The differences are not much and most of the common needs could be full filled by either using any one of them or a combination of both interceptors or event listeners. Its not actually quite clear when one should use which mechansim. I would personally suggest to stick with Event Listeners as they are much more flexible and robust. This is a very broad area of discussion and here we focus our discussion only on some specific types of event listeners ( pre database operations ).

Hibernate provides an event handling framework for various kind of methods on the session interface. Whenever an operation is performed through the session, an event is generated and a corresponding listener is evoked to take some action on the generated event. These events could be events on entity, like on load, pre load, pre insert, post insert etc. (Look at the subclasses of AbstractEvent class to get a complete list of all events). These events could be divided into two basic categories, pre database operations and post database operations.

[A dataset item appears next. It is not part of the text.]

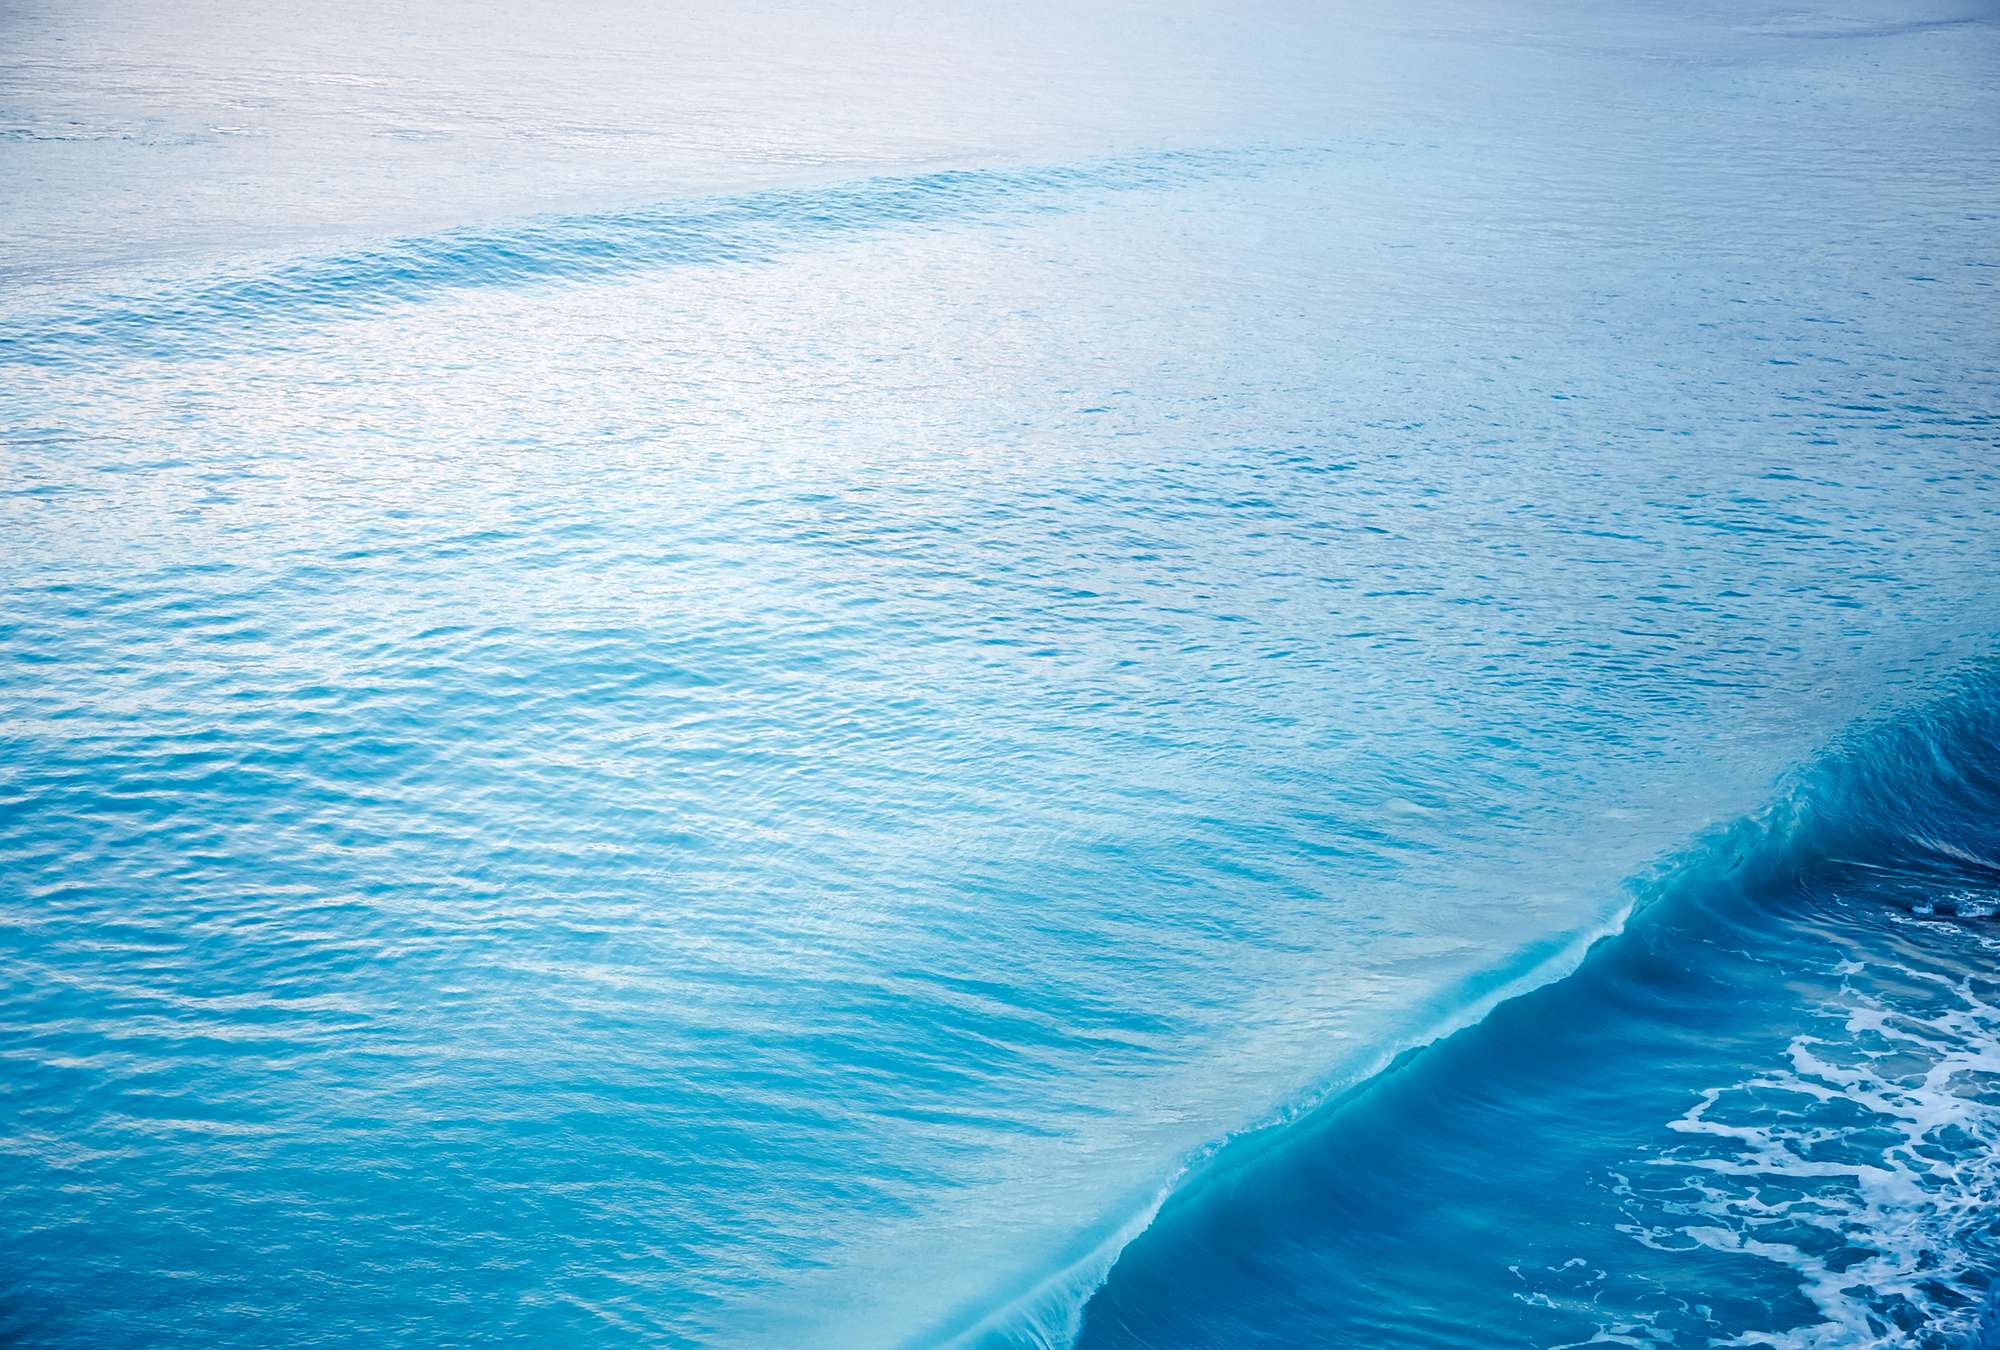             Mural de una ola rompiendo en el mar

For me pre database operation events were of major interest because I needed a general mechanism to stamp ,update and insert user and time, on all my persistent objects.

All the events are subclasses of org.hibernate.event.AbstractEvent. The parent of all pre database operation events is the class AbstractPreDatabaseOperation. This has three children PreUpdateEvent, PreInsertEvent and PreDeleteEvent. Here after, we will be focusing our discussion on the usage of PreUpdate and PreInsert Events.

Given : The problem was to add insert and update user and timestamp information to all of my entities.

Approach 1 :

____________________________________________________________________


public class MyPreInsertEventListener implements PreInsertEventListener {
     @Override
     public boolean onPreInsert(PreInsertEvent event) {
          Object object = event.getEntity();
          if (object instanceof Auditable) {
               Auditable entity = (Auditable) object;
               if (entity.getInsertUser() == null) {
               String currentUser = UtilityClass.currentUser();
               Date currentTime = new Date();
               // inserts
               entity.setInsertUser(currentUser);
               entity.setInsertDateTime(dayTime);
               }
          }
          return false;
     }
}

public class MyPreUpdateEventListener implements PreInsertEventListener {
     @Override
     public boolean onPreUpdate(PreUpdateEvent event) {
          Object object = event.getEntity();
          if (object instanceof Auditable) {
               Auditable entity = (Auditable) object;
               String currentUser = UtilityClass.currentUser();
               Date currentTime = new Date();
               // updates
               entity.setUpdateUser(currentUser);
               entity.setUpdateDateTime(currentTime);
          }
          return false;
     }
}

____________________________________________________________________

Now when the entity object inside the event is updated in the pre listener, the expectation is that the updated information is persisted in the database too. But this does not happen and for a given entity you would see these fields being null (or unchanged) on the database. So where is the problem ?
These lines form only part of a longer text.